Short Straddle Hedging using Underlying

Discussion in 'Options' started by belmisof, Dec 10, 2011.

  1. belmisof

    belmisof

    Hello,

    I'd like to know if anyone already tried to hedge a short straddle using underlying? If so, was it efficient?
    I know it can be hedged using Iron Condor or long butterfly but for 1 or 2 day max maturity, one could use the underlying instead... no?

    Merci
     
  2. spindr0

    spindr0

    It's efficient when the UL cooperates. See "Gamma Scalping".
     
  3. belmisof

    belmisof

    Hello thanks for the answer! What do you mean by the UL sorry?
    Does an appropriate short straddle hedging on 1 or 2 days to maturity be done using gamma scalping concepts?
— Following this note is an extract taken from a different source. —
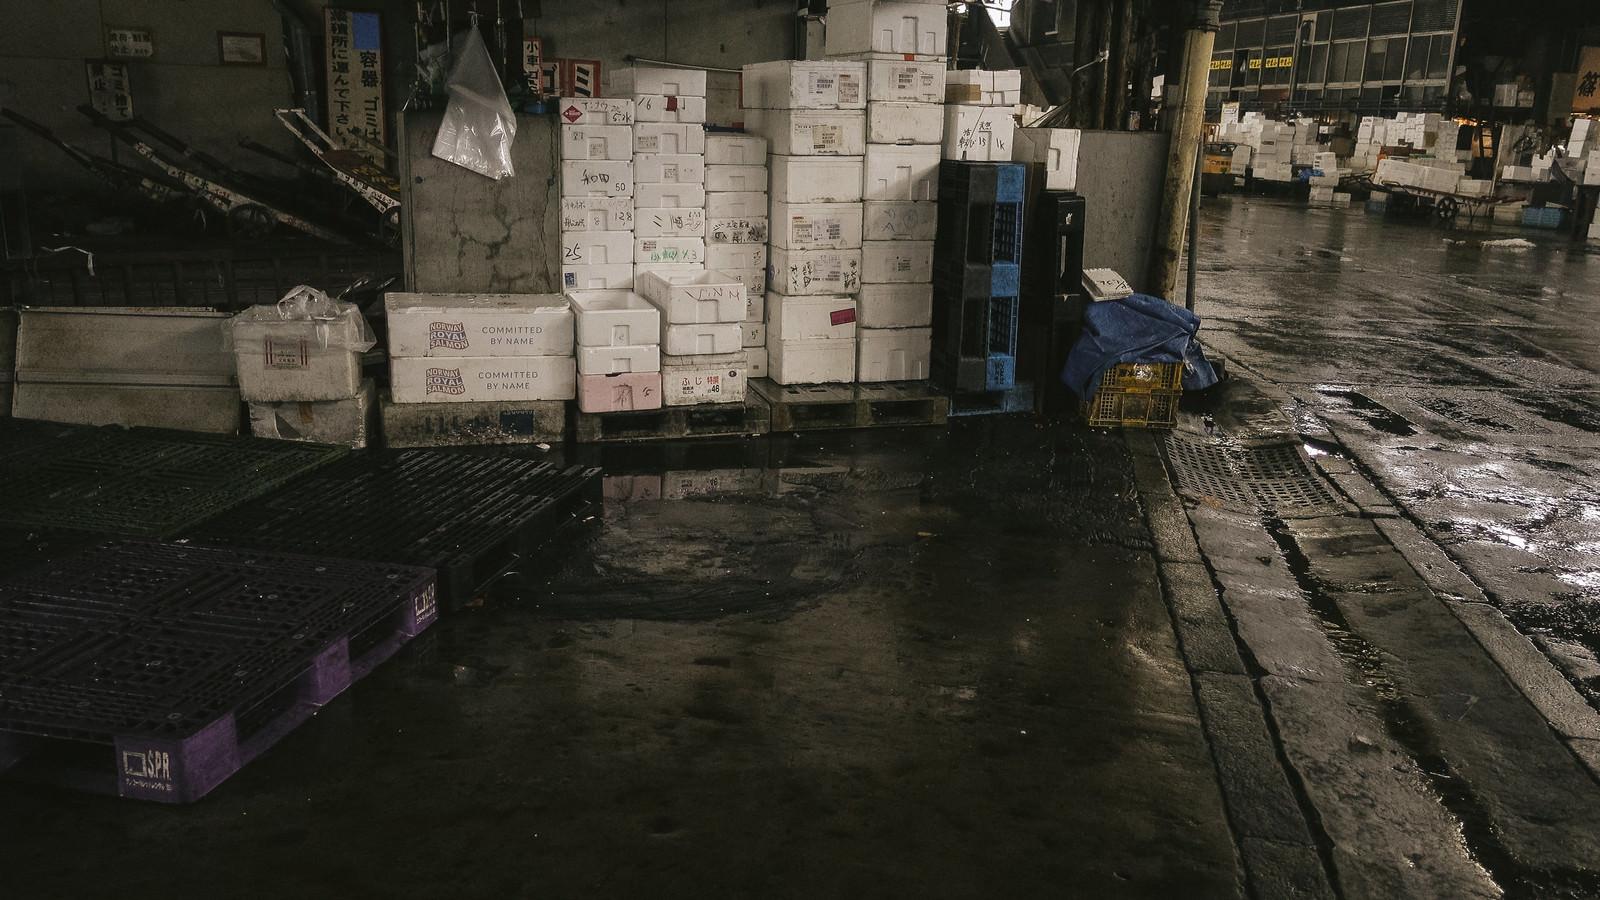 「山積みされた発泡スチロール(築地市場)」の写真
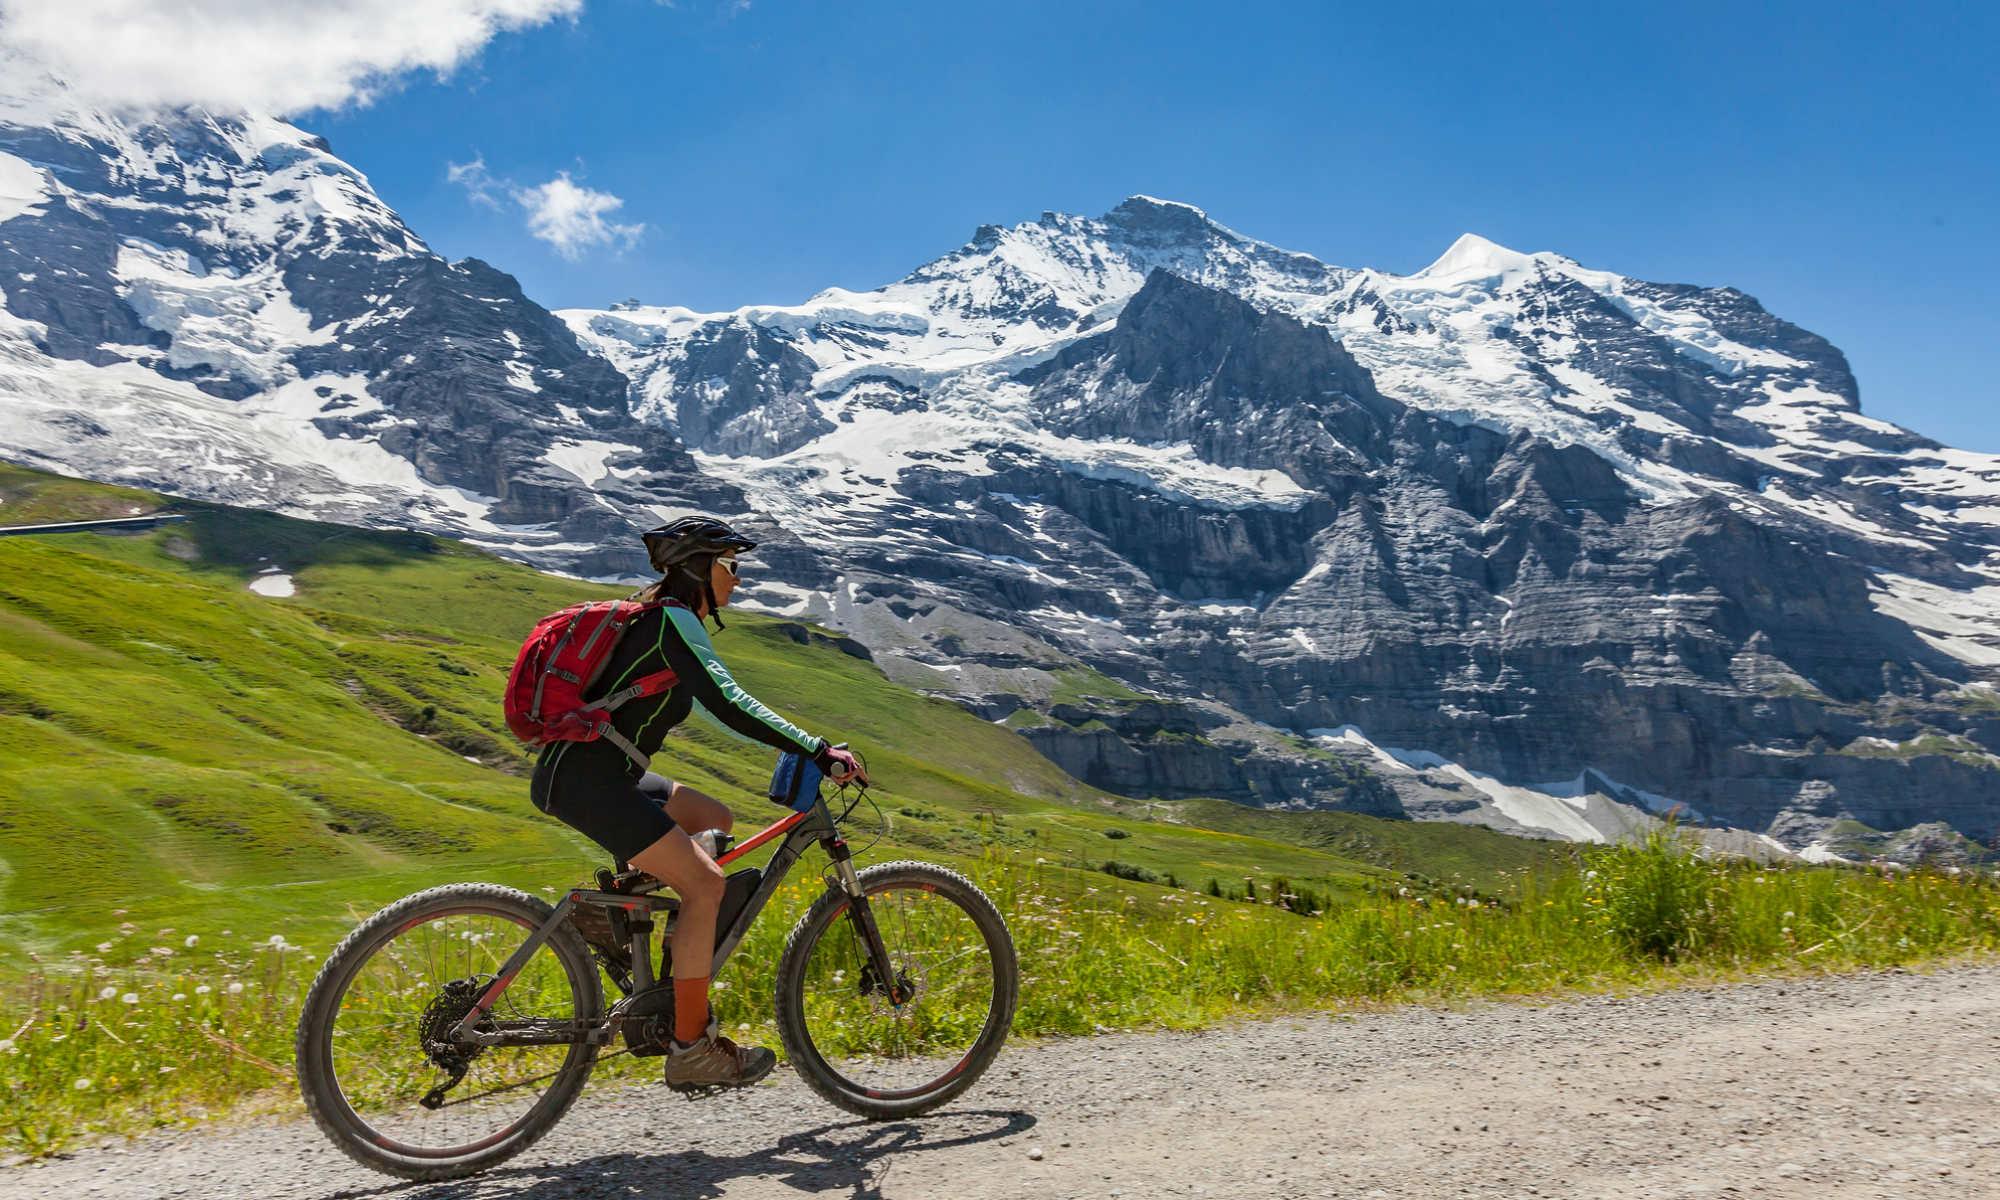 Eine Frau beim Mountainbiken vor einem alpinen Bergpanorama.

I must be certainly wrong or maybe very naive but can it be done "simply" by tring to be long above the strike or short below it on the underlying for the same notional? :confused:
     
  4. spindr0

    spindr0

    UL = underlying

    Yes, appropriate short straddle hedging on 1 or 2 days to maturity can one be using gamma scalping concepts.
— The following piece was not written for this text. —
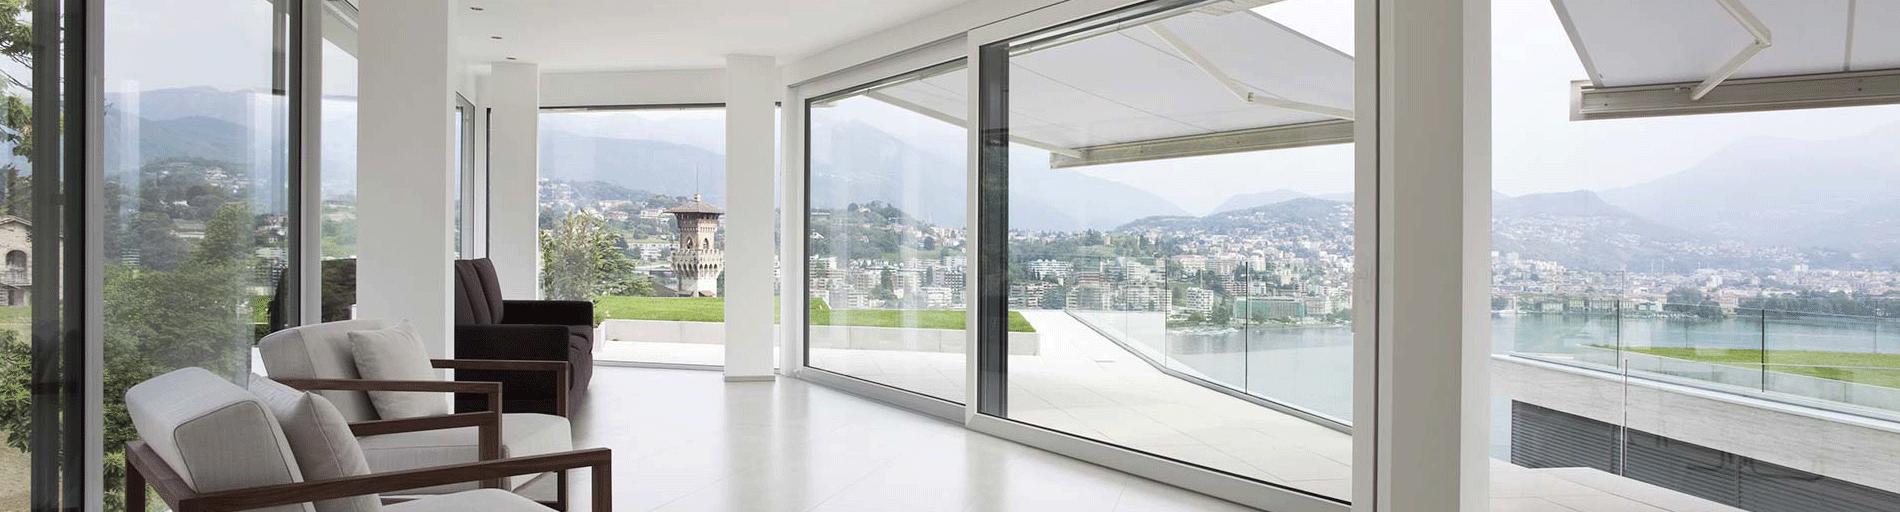 Slajder okna Końskie widok strony

    Yes, it can be done "simply" by tring to be long above the strike or short below it on the underlying for the same notional?

    :)
     
  5. belmisof

    belmisof

    Merci beaucoup!
     
  6. belmisof

    belmisof

    A guy on a french forum told me that the way he hedges a short straddle is not by hedging the UL because it can be difficult and costly in case the market goes up and down the strike.
    He said instead that he delta hedges the straddle and that if the market goes up he goes long a little put in case of a wide swing.
    Sounds good to me, what do you guys think?
    PS: delta hedging a straddle is as difficult as hedging the whole notional in case the market goes up and down, so where is the point?:confused:
     

  7. The point is you are Dynamically Hedging, it might look like churning the account but Dynamically Hedging sounds so much better. More info on Dynamically Hedging is on this thread: Short strangles on stocks
     
  8. newwurldmn

    newwurldmn

    It works if the stock swings back. As his buying back his put will have been a good trade. What about if the stock continues to rally. It's similar to delta hedging with stock except he's also buying some local gamma back as well and paying more in transaction costs (per unit delta anyway).
     
  9. belmisof

    belmisof

    Thank you for the answer. After trying it I believe that staying delta neutral causes less losses than playing with the notional.
    The only fact I'm not sure about is how often do I need to intervene to remain deltra neutral (1 day to maturity, USDZAR), every 50 pips difference for example?